--- GIVEN INFORMATION Enclosed Below ---

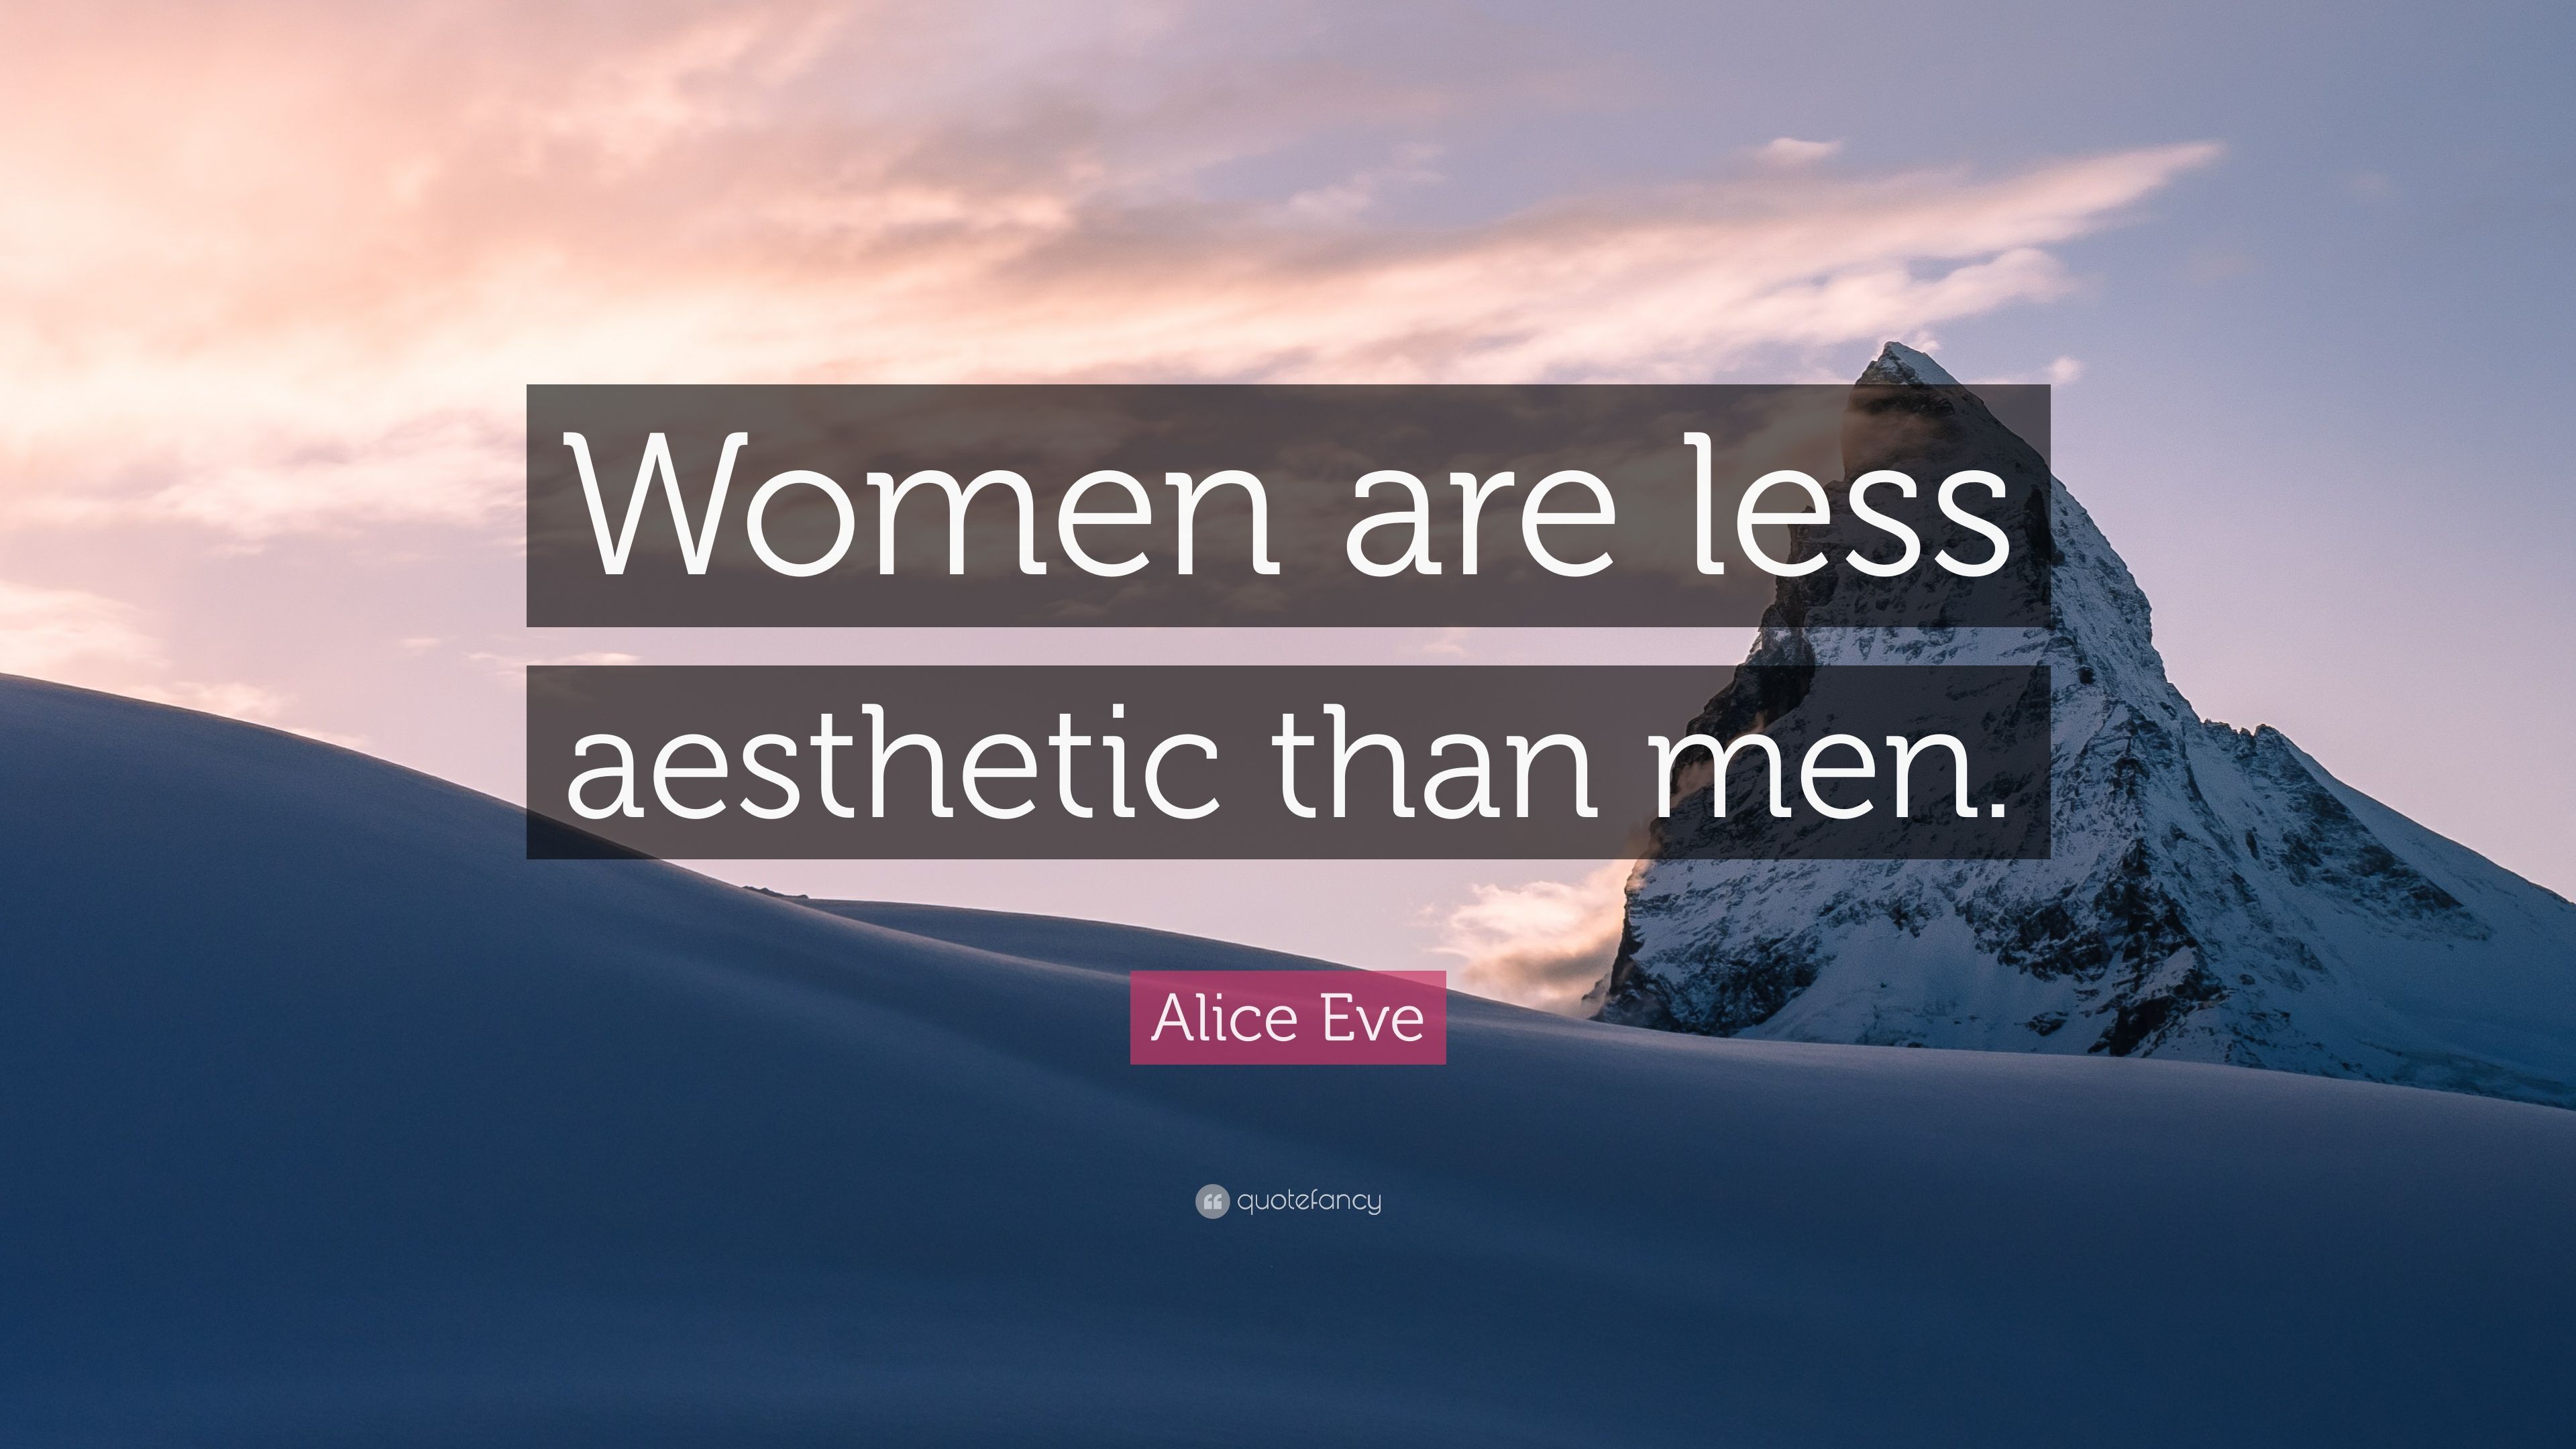 Alice Eve Quote: “Women are less aesthetic than men.” (7 wallpaper)
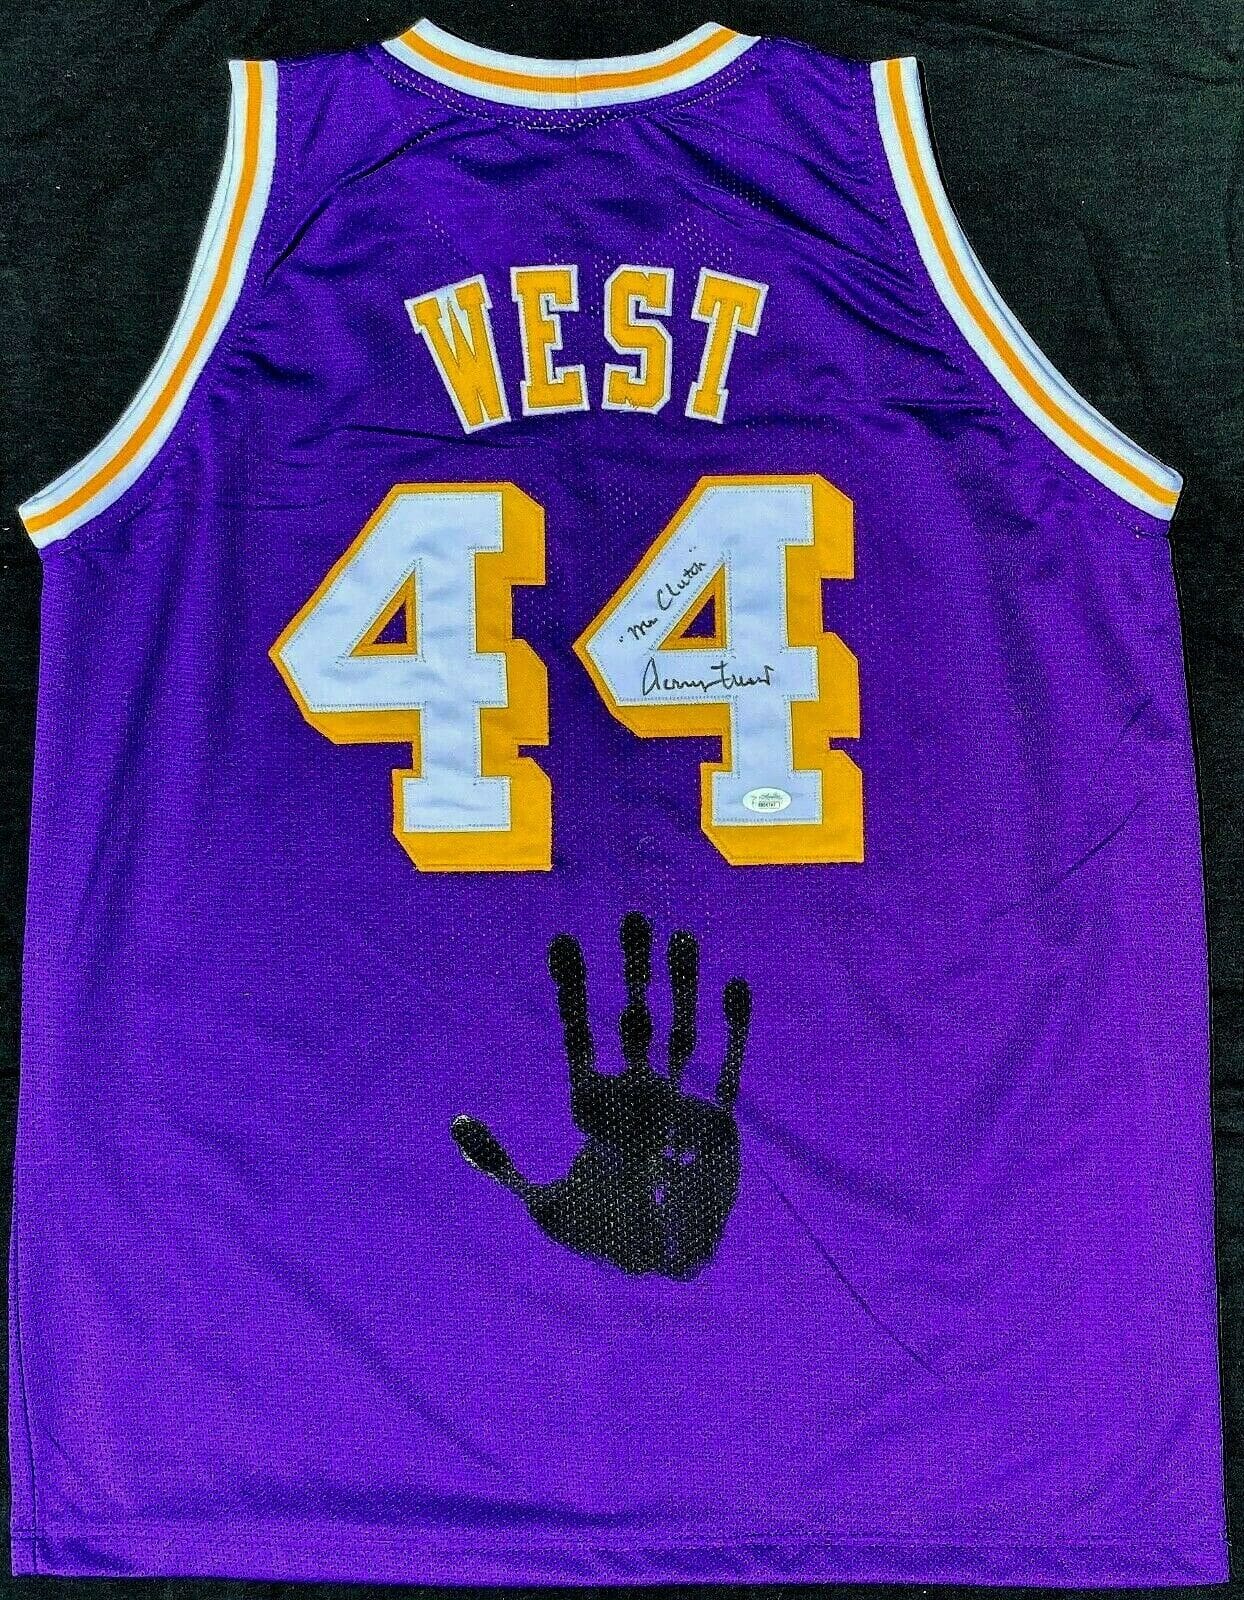 Jerry West Hand Print Signed Autographed Yellow Jersey JSA BB00708 Mr.  Clutch – Fiterman Sports Group
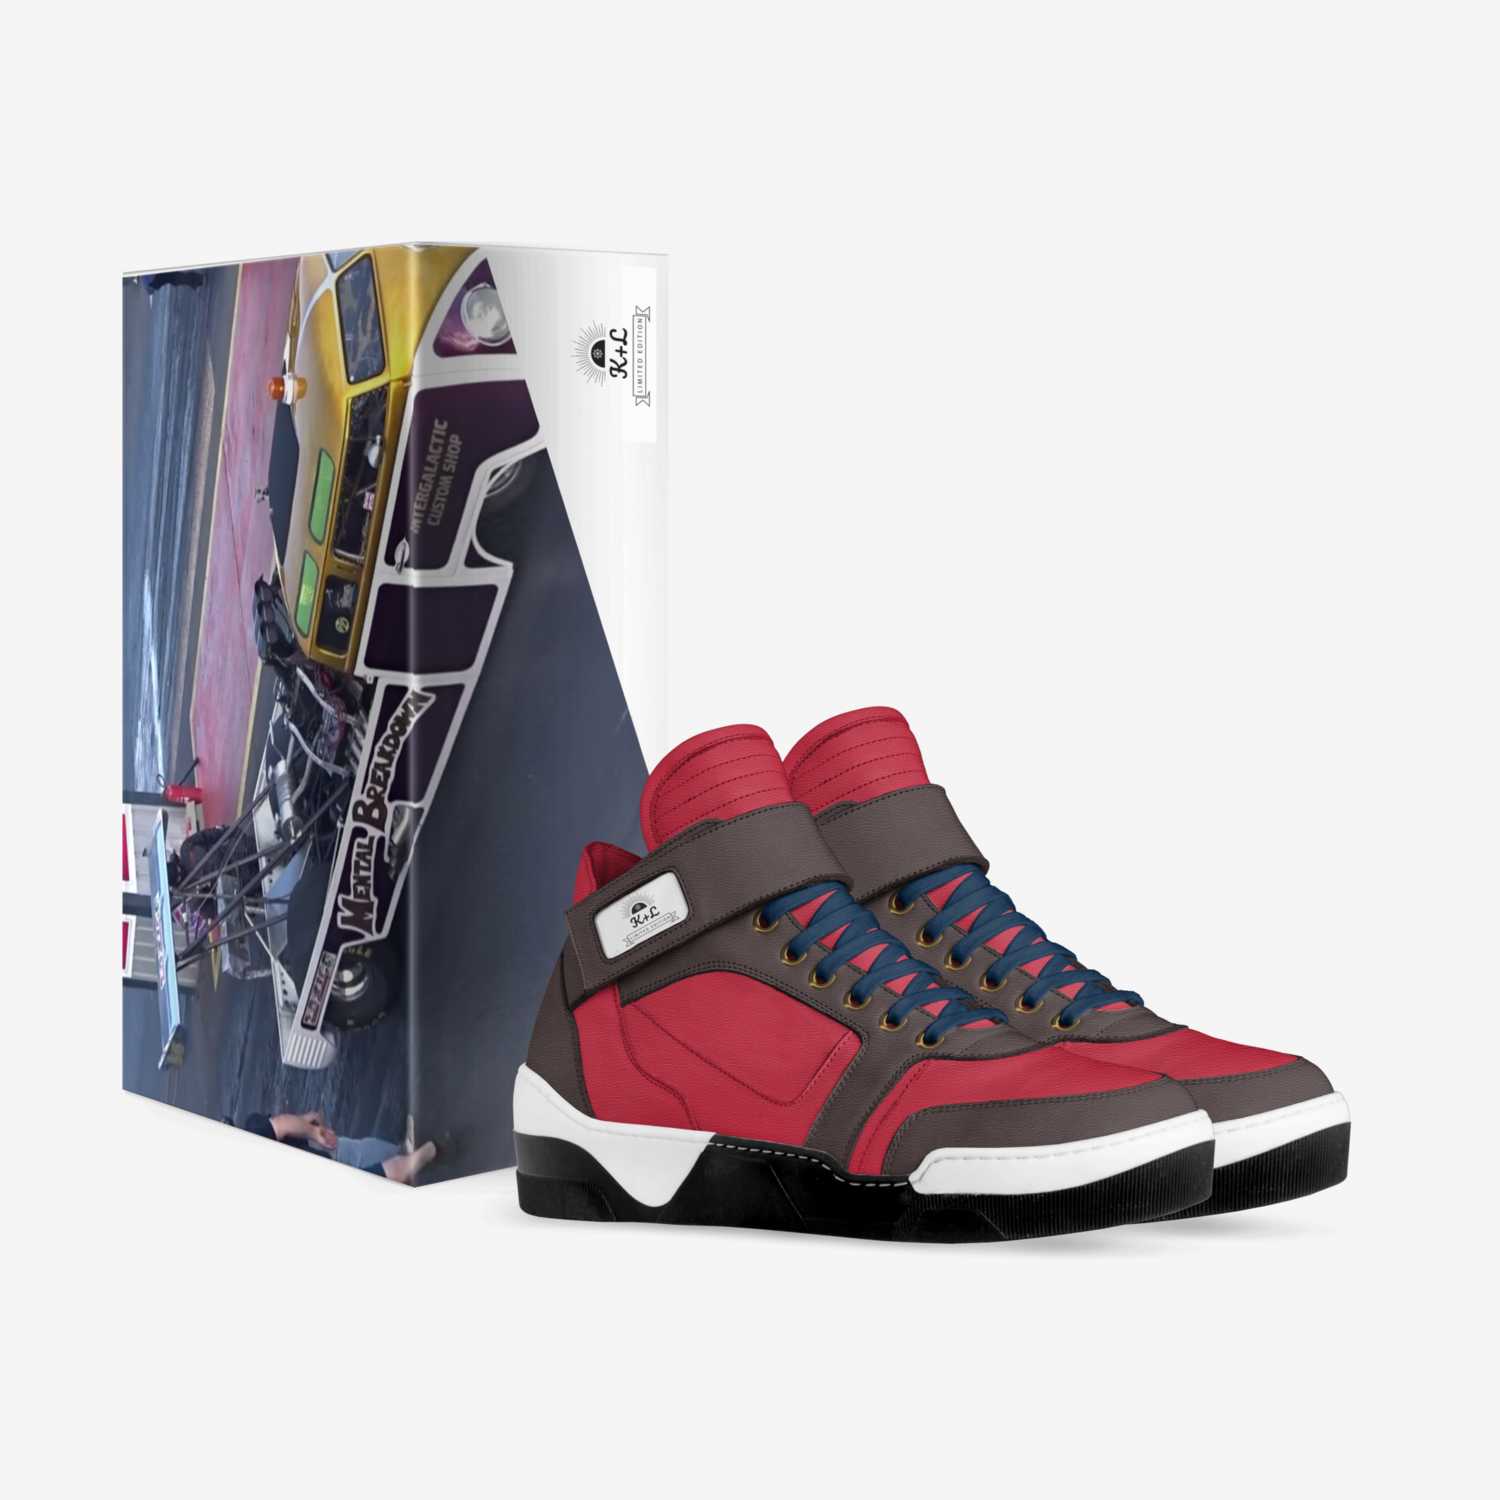 K+L custom made in Italy shoes by Leevy Ganzer | Box view

--- End of Enclosed GIVEN INFORMATION ---

EXERCISE =>
The result should be an exact copy of the material, containing no pictures.

COMPLETED TASK =>
 Alice Eve Quote: “Women are less aesthetic than men.” (7 wallpaper)
 Jerry West Hand Print Signed Autographed Yellow Jersey JSA BB00708 Mr.  Clutch – Fiterman Sports Group
 K+L custom made in Italy shoes by Leevy Ganzer | Box view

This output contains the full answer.